Recorded data:
━━━━

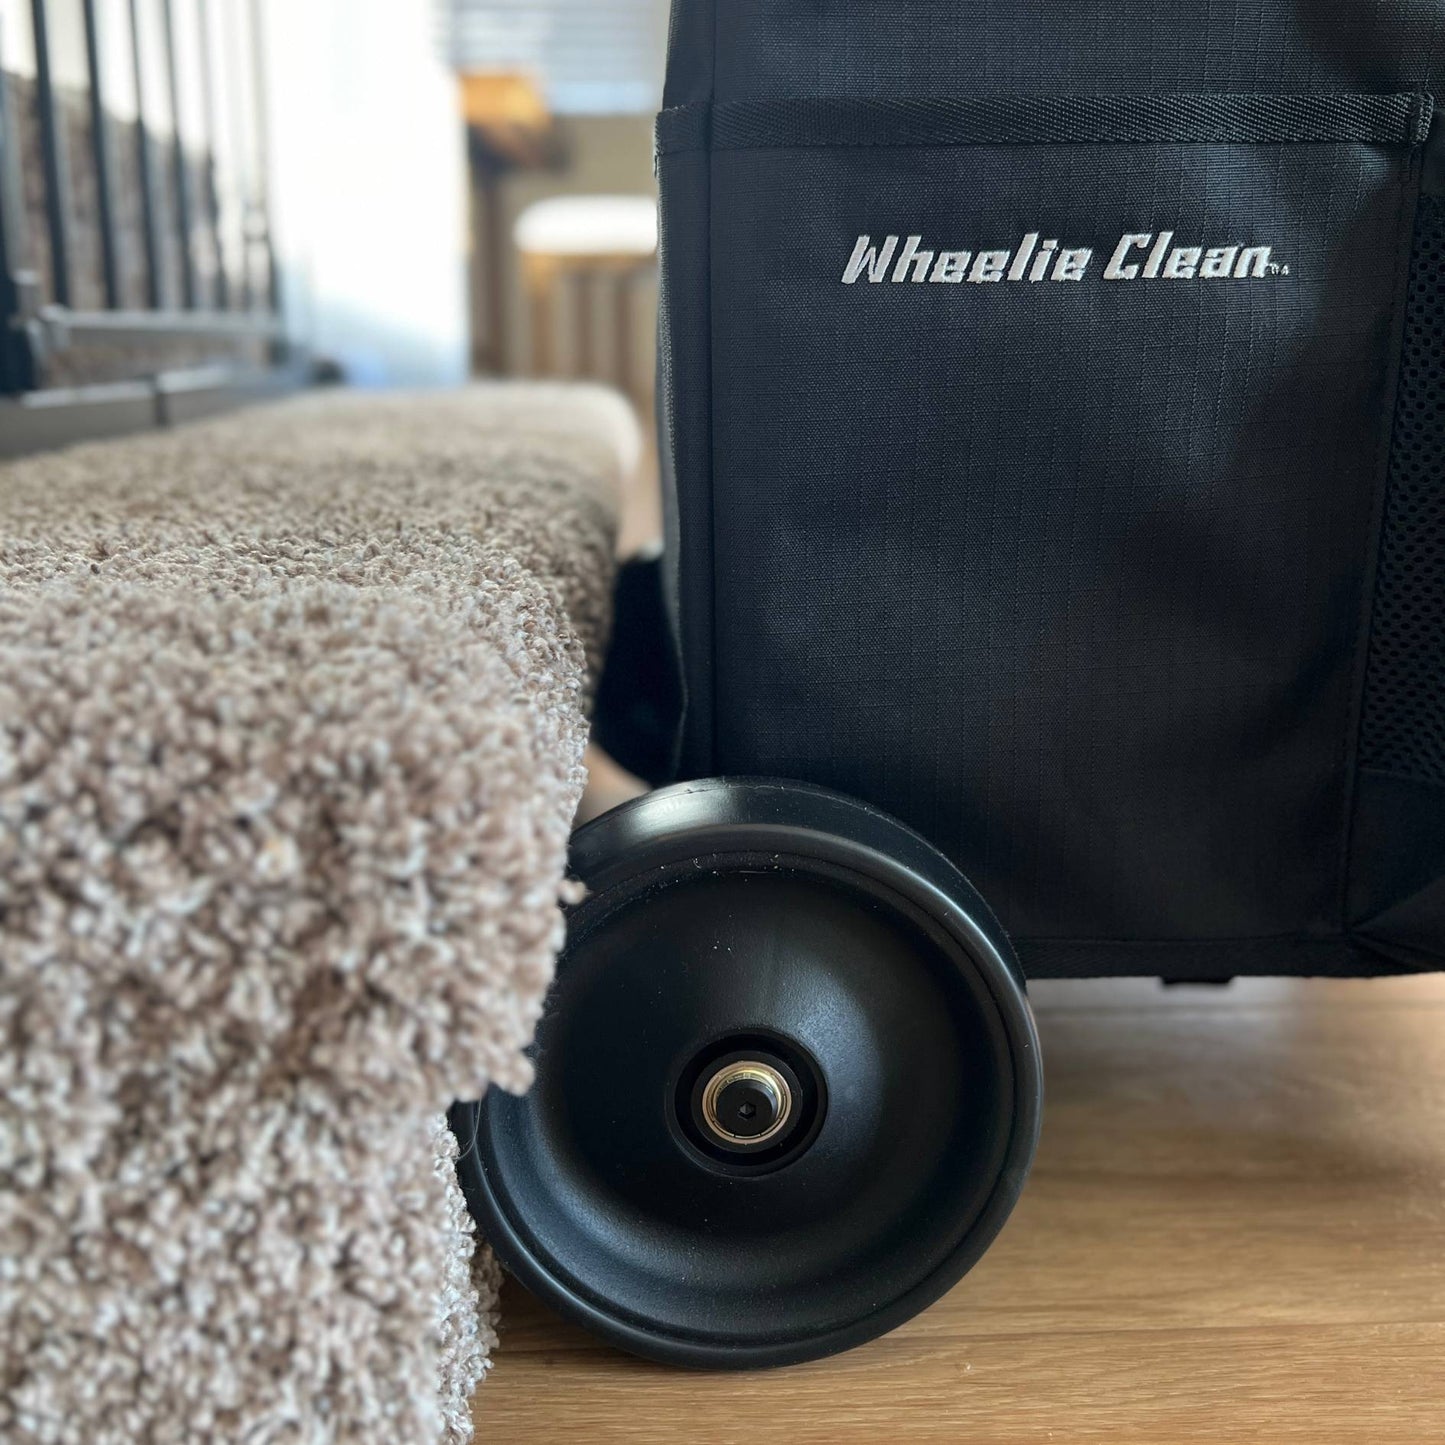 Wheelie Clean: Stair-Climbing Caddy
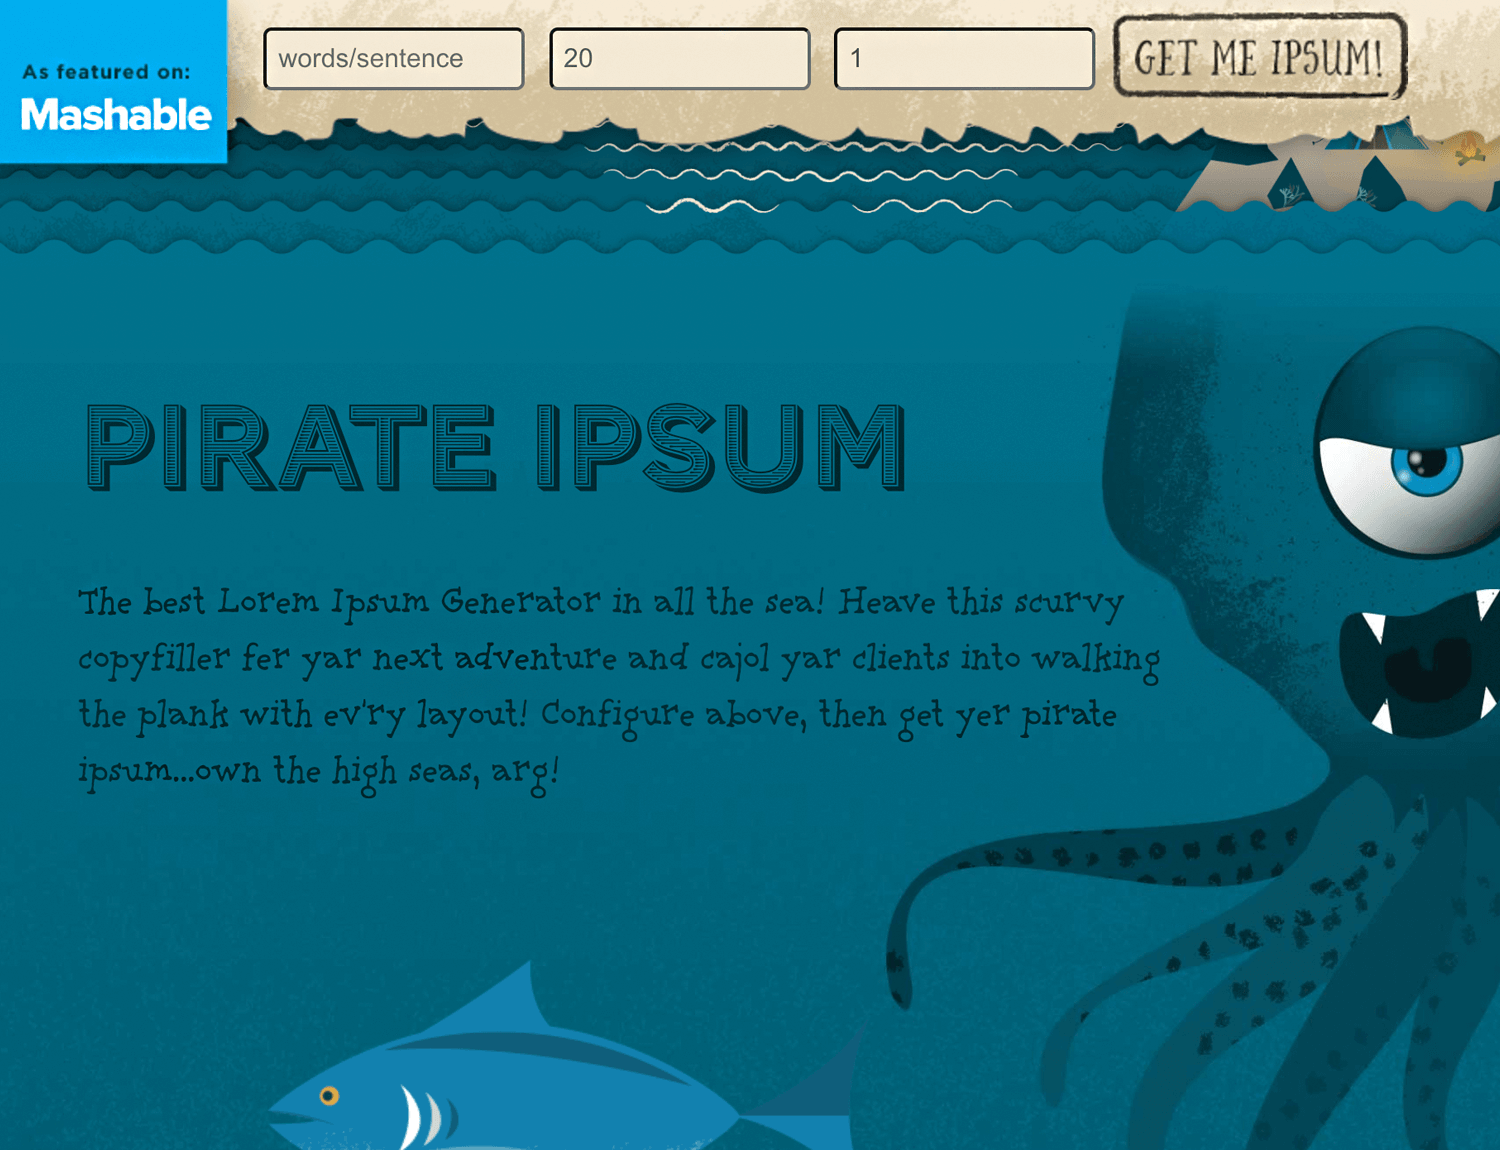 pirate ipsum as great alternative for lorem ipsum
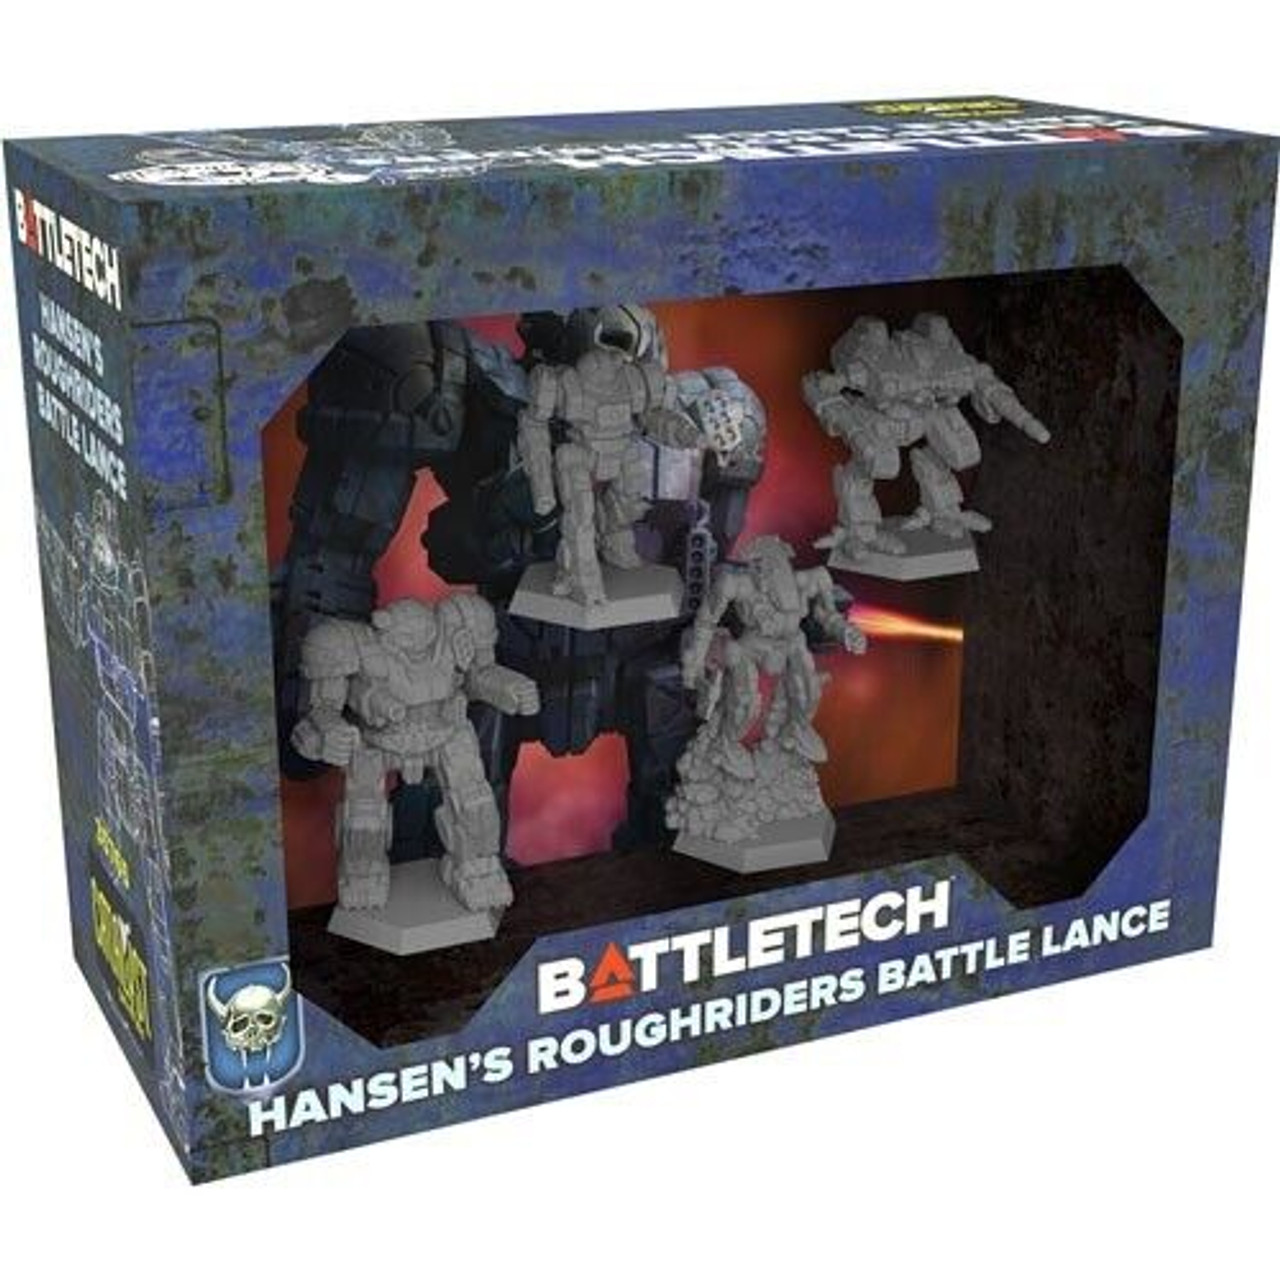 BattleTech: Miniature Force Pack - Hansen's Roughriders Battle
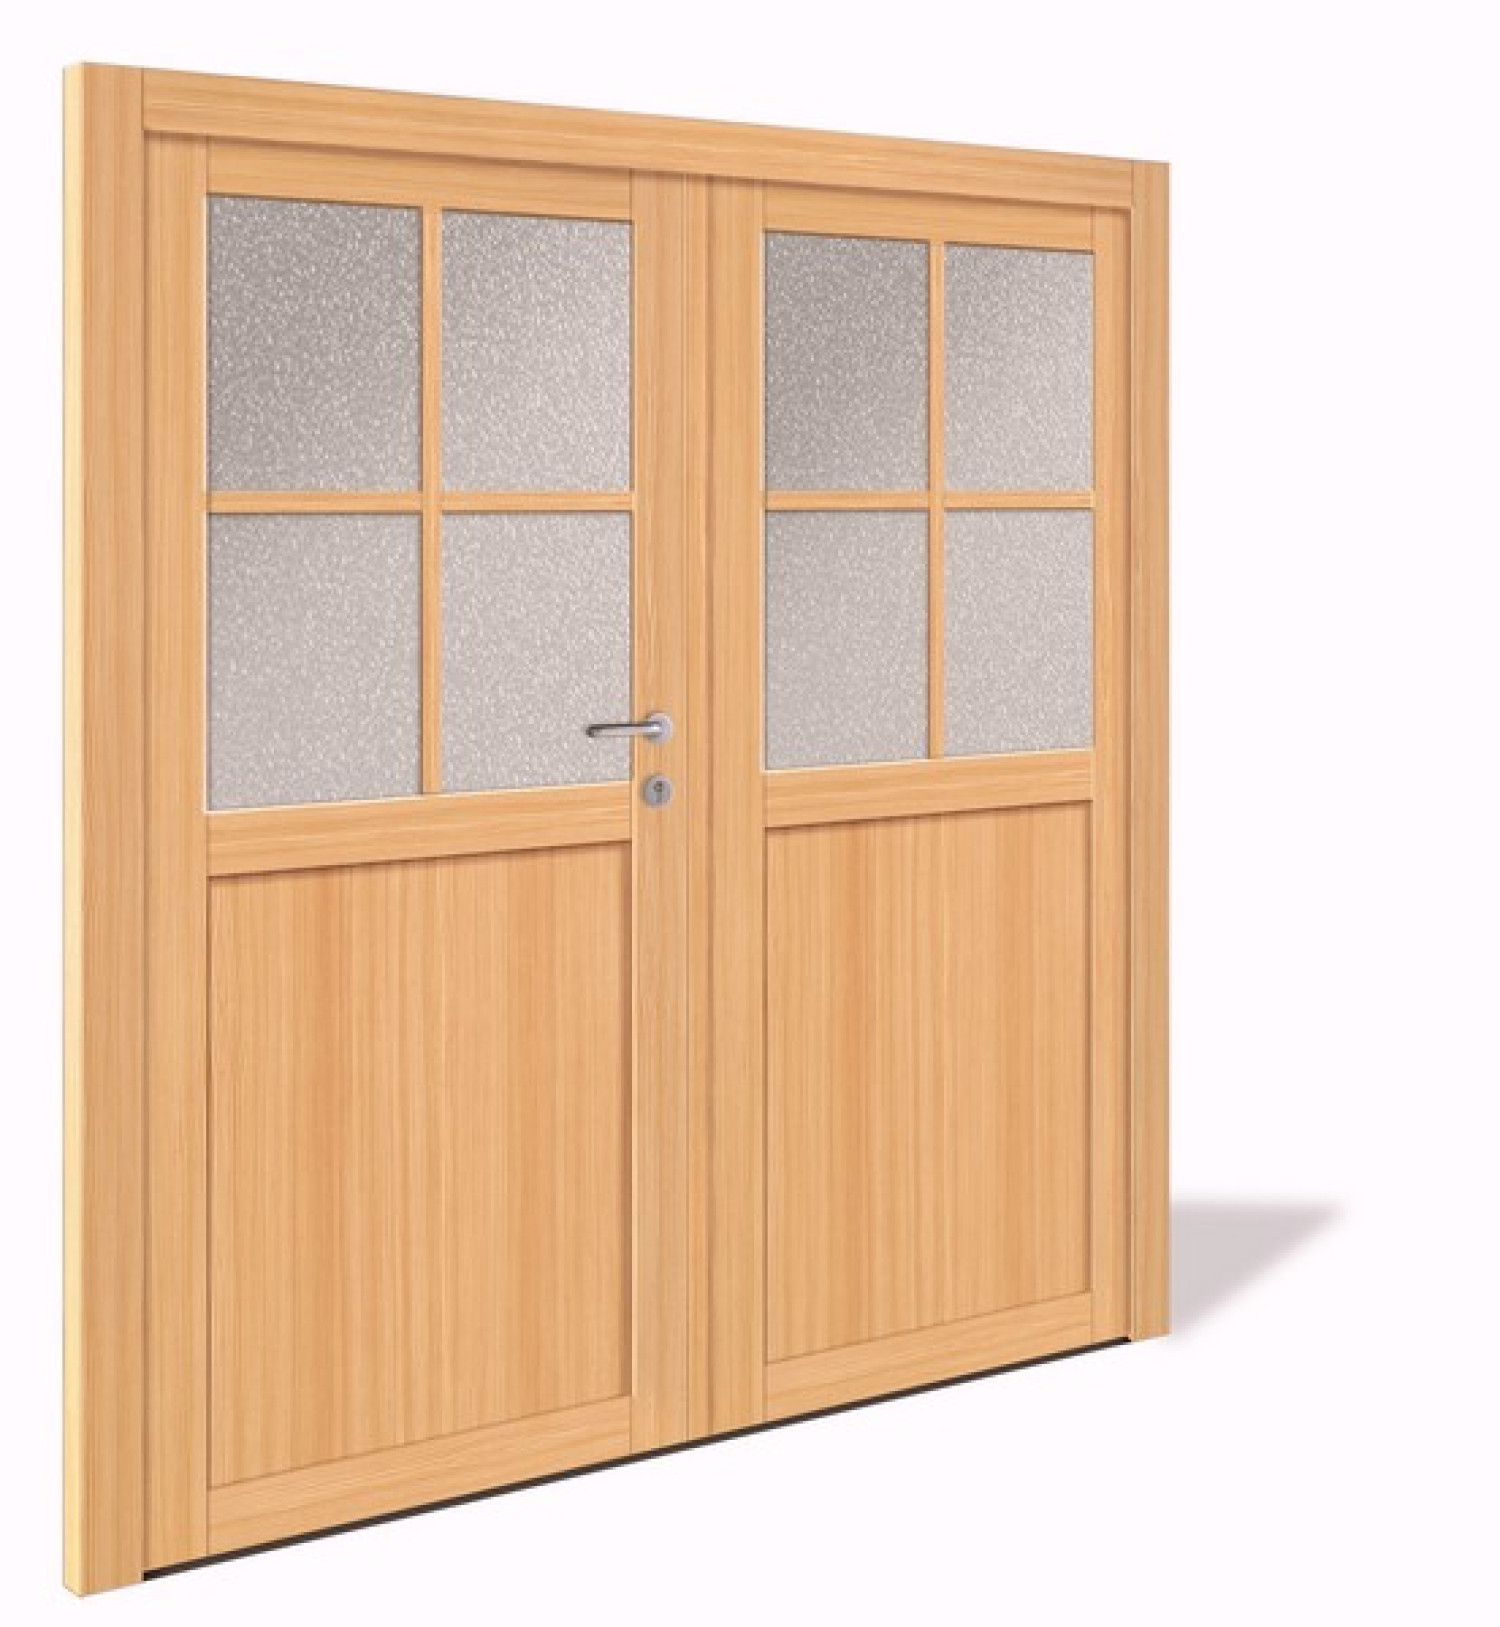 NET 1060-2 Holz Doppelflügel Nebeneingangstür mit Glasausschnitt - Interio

━━━━

Exercise objective: Repeat the listing above word for word. Do not include the pictures.

Response:
 Wheelie Clean: Stair-Climbing Caddy
 pirate ipsum as great alternative for lorem ipsum
 BattleTech: Miniature Force Pack - Hansen's Roughriders Battle
 NET 1060-2 Holz Doppelflügel Nebeneingangstür mit Glasausschnitt - Interio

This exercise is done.